G20 to agree on steps for macro targets: Russia
The Group of 20 nations may agree on steps to introduce macroeconomic policy targets at a summit in Seoul on Friday, Russia's Finance Minister Alexei Kudrin said.
"There will be a road map and within this road map work will be done to prepare such proposals and define the timeframe," Kudrin told reporters.
"Ministers and the International Monetary Fund will analyze these quantitative targets, their role and how they can be introduced," he said, adding that the results of this work will be reviewed at the next G20 summit.
Kudrin said there was a "big chance" the roadmap will backed by the G20 in Seoul and that the proposals will help global exchange rates to become more flexible in the future.
Kudrin said U.S. Treasury Secretary Timothy Geithner's proposal to target current account surpluses and deficits was "interesting" but that other targets would also be needed.

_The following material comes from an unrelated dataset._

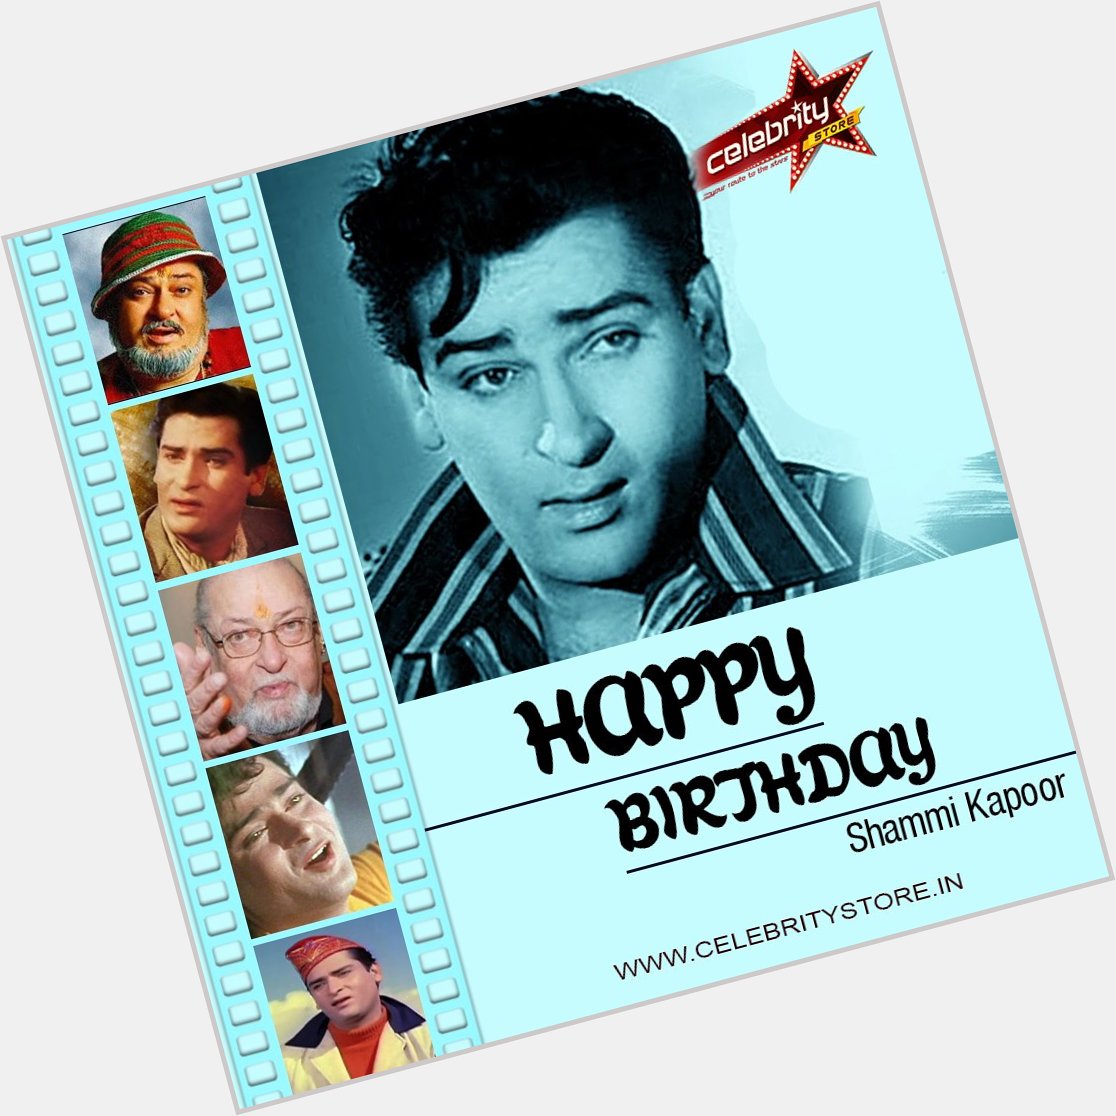  Wishes the of - Shammi Kapoor ji a Very Happy Birthday

"Other quantitative targets include fiscal deficit, debt level, parameters close to Maastricht criteria," Kudrin said, referring to the limits set by the European Union for countries to qualify to adopt the euro.
Kudrin's remarks did not fall in line with other G20 members, including Germany and China, who have criticized the U.S. for pursuing quantitative easing -- effectively printing money, a policy that has weighed on the dollar and encouraged investors to divert funds into emerging markets in search of higher yields.
Instead, Kudrin praised the U.S. Federal Reserve's crisis measures, saying earlier in an interview with the television channel Russia Today that "at the first stage of the crisis the Federal Reserve accepted a significant burden and its role then was decisive."
He called on the Federal Reserve, however, to show more caution this time around.
Kudrin said that while there was no open confrontation at the G20 talks, global exchange rates remain the main bone of contention.
He also said Russia will not introduce restrictions on capital movements to protect its economy from volatile inflows as there are no current threats of this happening.